October 12, 2017 at 2:51 am
Hi,
I have a log shipped database on SQL 2008R2 that last night went into suspect mode & I cannot run checkdb because it reports as in the middle of a restore.
I'm wondering if anyone can point me to a way to get back into standby mode so that my log shipping can continue / I can get in to check the db without killing log shipping.
My concern is the database is log shipped from a 3rd party and getting it set up was painful so trying to get help to maximise my chance of successful recovery (am investigating the cause and logs that we've got around that & it's mitigation).
Thank you.
October 12, 2017 at 2:53 am
No I didn't mean to post this twice, after the "loading" message it looked like nothing had happened so I pressed the button again and now there are 2!
October 12, 2017 at 3:05 am
I'm guessing one of the log restores failed.
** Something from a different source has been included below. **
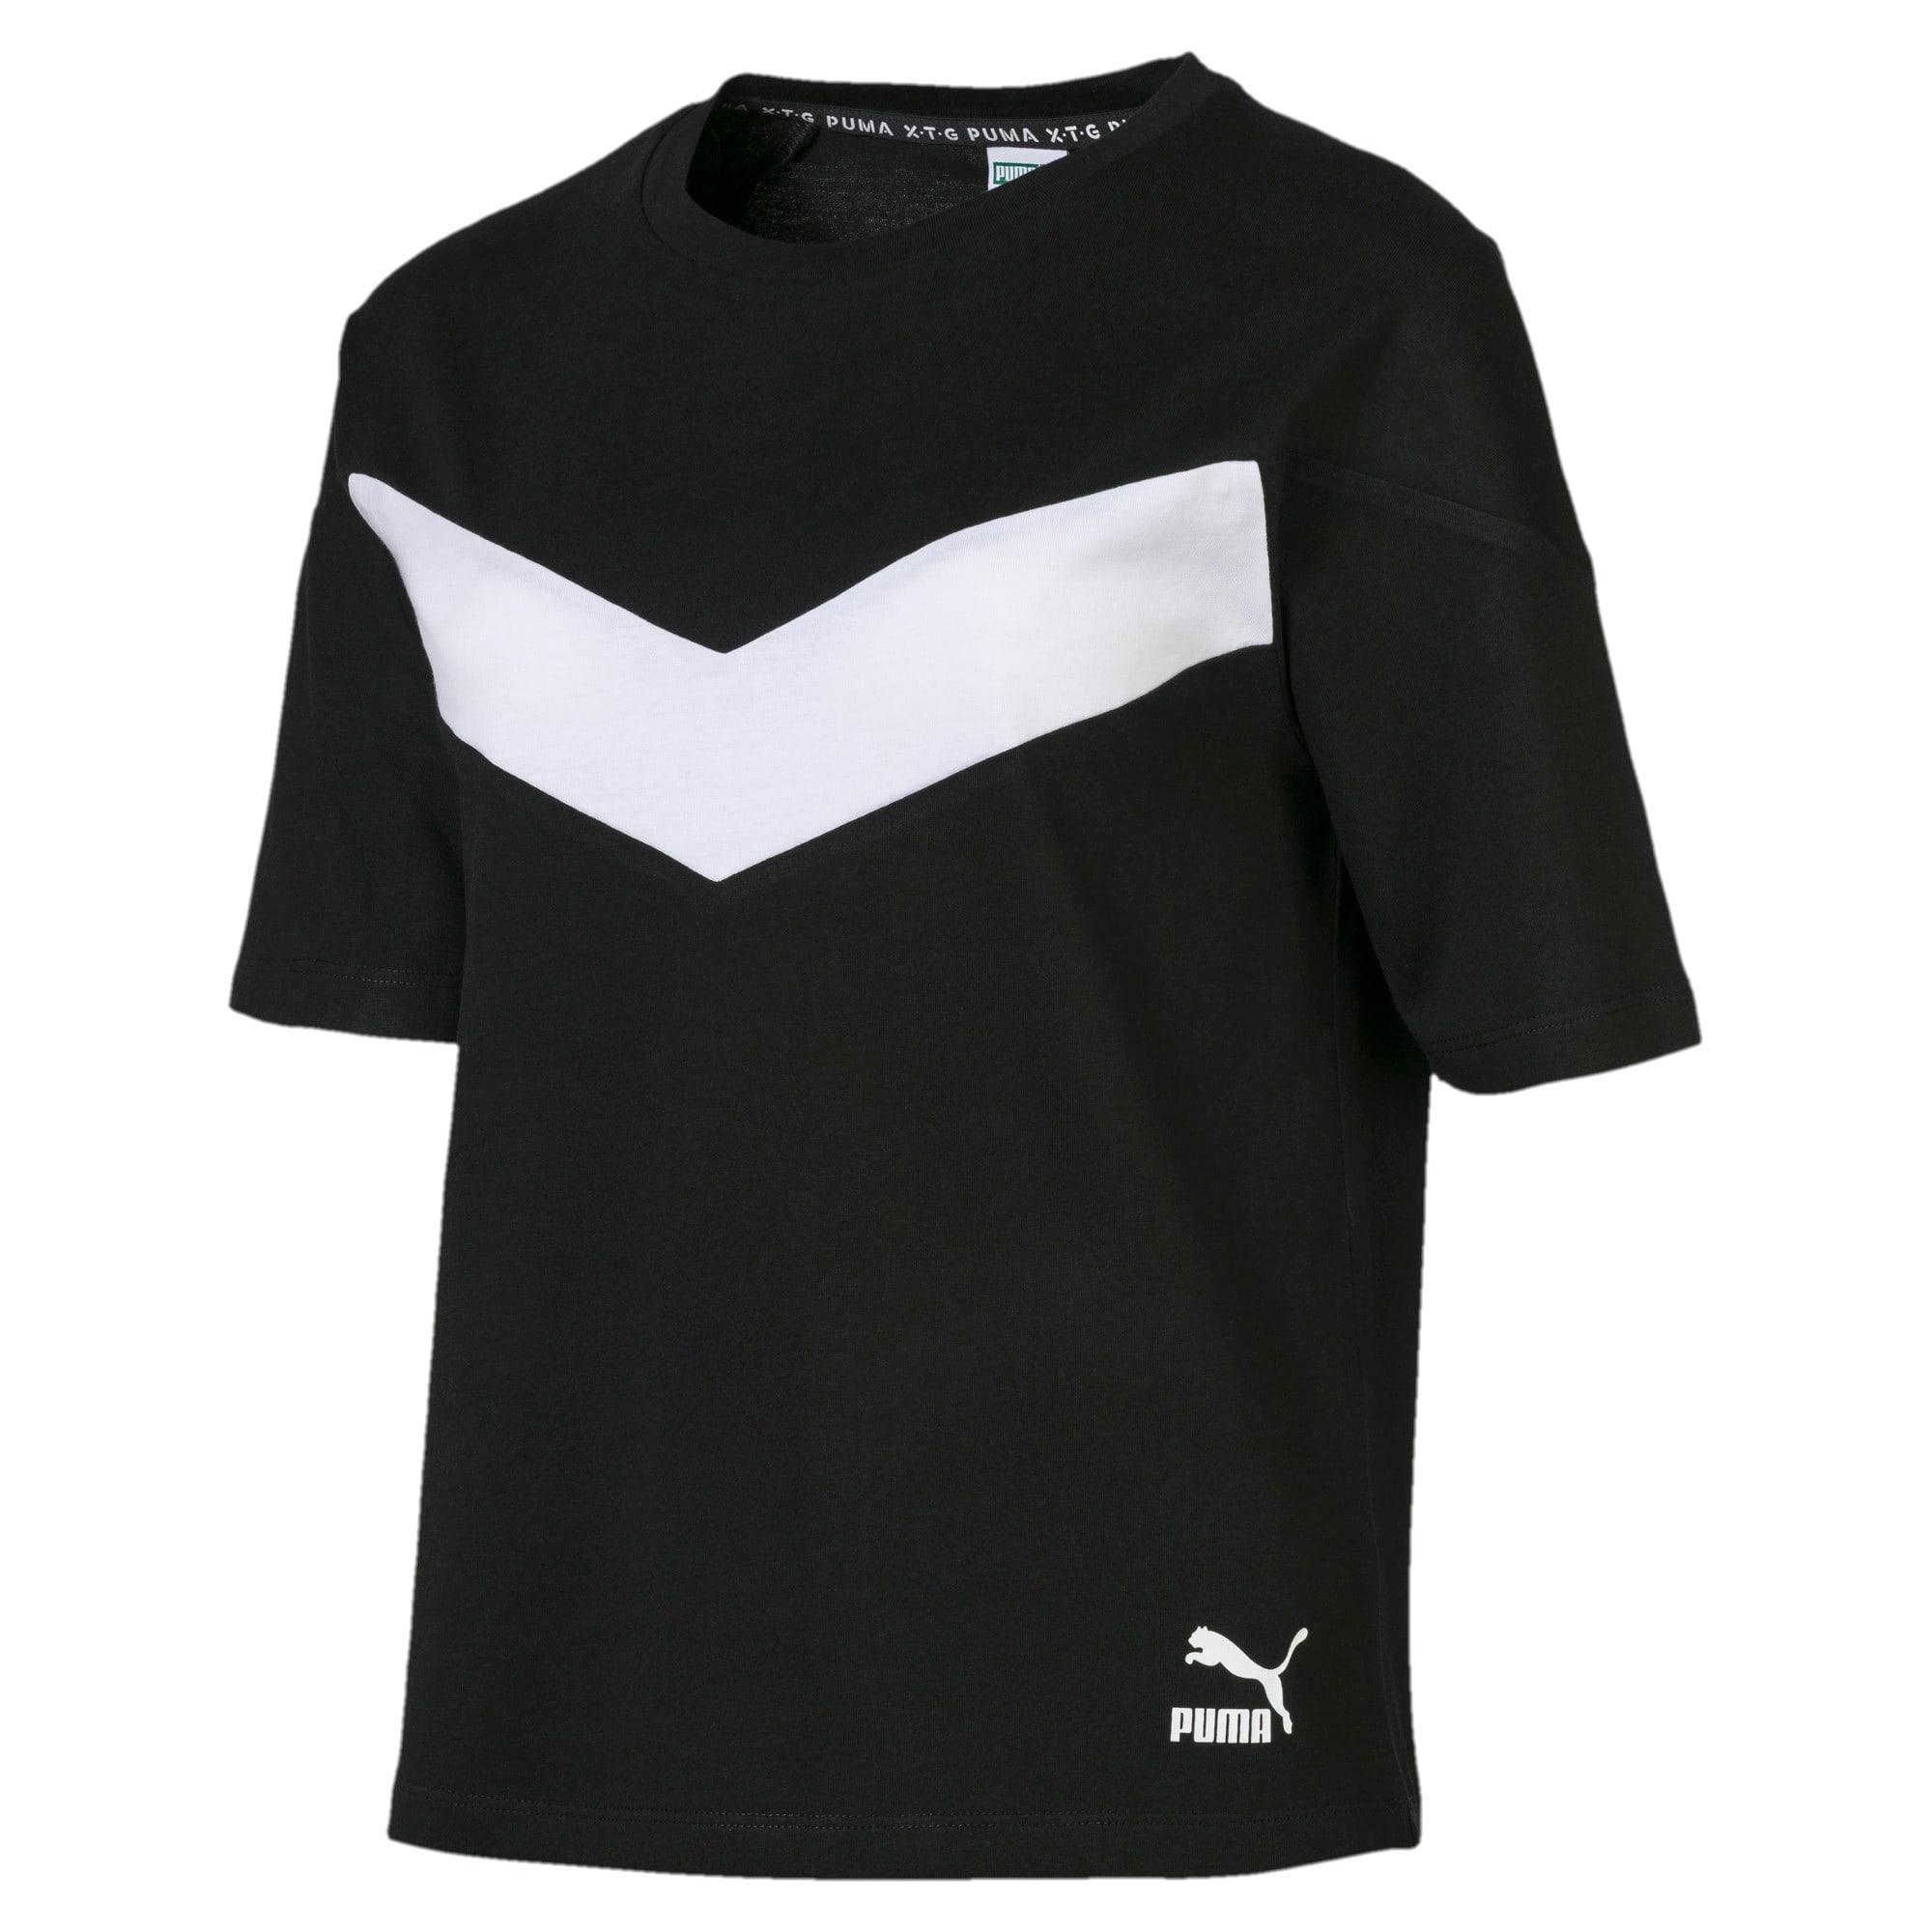 Miniatura 4 de Camiseta PUMA XTG en colores combinados para mujer, Puma Black, mediano

Have you looked back through the logs to see what happened?
John
October 12, 2017 at 3:20 am
The log recovery completes a "writing checkpoint" entry and then I get a memory dump and a severity 16 assertion alert (which when I try to paste this reply closes so attached) - 3 google results top of which is Paul Randal saying it's a bug call Microsoft & not a great option on 2008R2.
I have exhausted the infrastructure "did something panic / die" discussion and just checking all my other bases to see if everything is looking fine and it might have just been a wobble (fingers crossed!).
Pretty much any other database we could solve but this one because it is log shipped and restarting will be so painful it's identifying how I am most likely to be able to resolve the suspect issue without then preventing continuation of log shipping.
Thanks
Chris
October 12, 2017 at 3:42 am
Chris
I suspect this isn't going to be recoverable, especially if it's down to a Microsoft bug. You could spend days trying to sort it out, or just get in touch with the third party now and look to reinitialise the log shipping. Maybe you could ask them to script everything out so that it's easier next time you need to do this?
John
October 12, 2017 at 3:44 am
Thanks - that's my suspicion too, it's not the hassle of getting log shipping running, it's the transfer of data that was truly painful & the head stomping that comes from on high because they haven't got the data they want the moment they want it 🙂
November 14, 2017 at 3:09 am
Just in case it is of interest to anyone else, I did finally solve this problem and have had a repeat and resolved again.
The fix at the time was to reset the suspect flag, restart the instance and restore the next tlog file. It seems that the failure is actually occurring during the final stages of restore and may relate to the log shipping being a third party routine that is running as a remote stored proc and being timed out.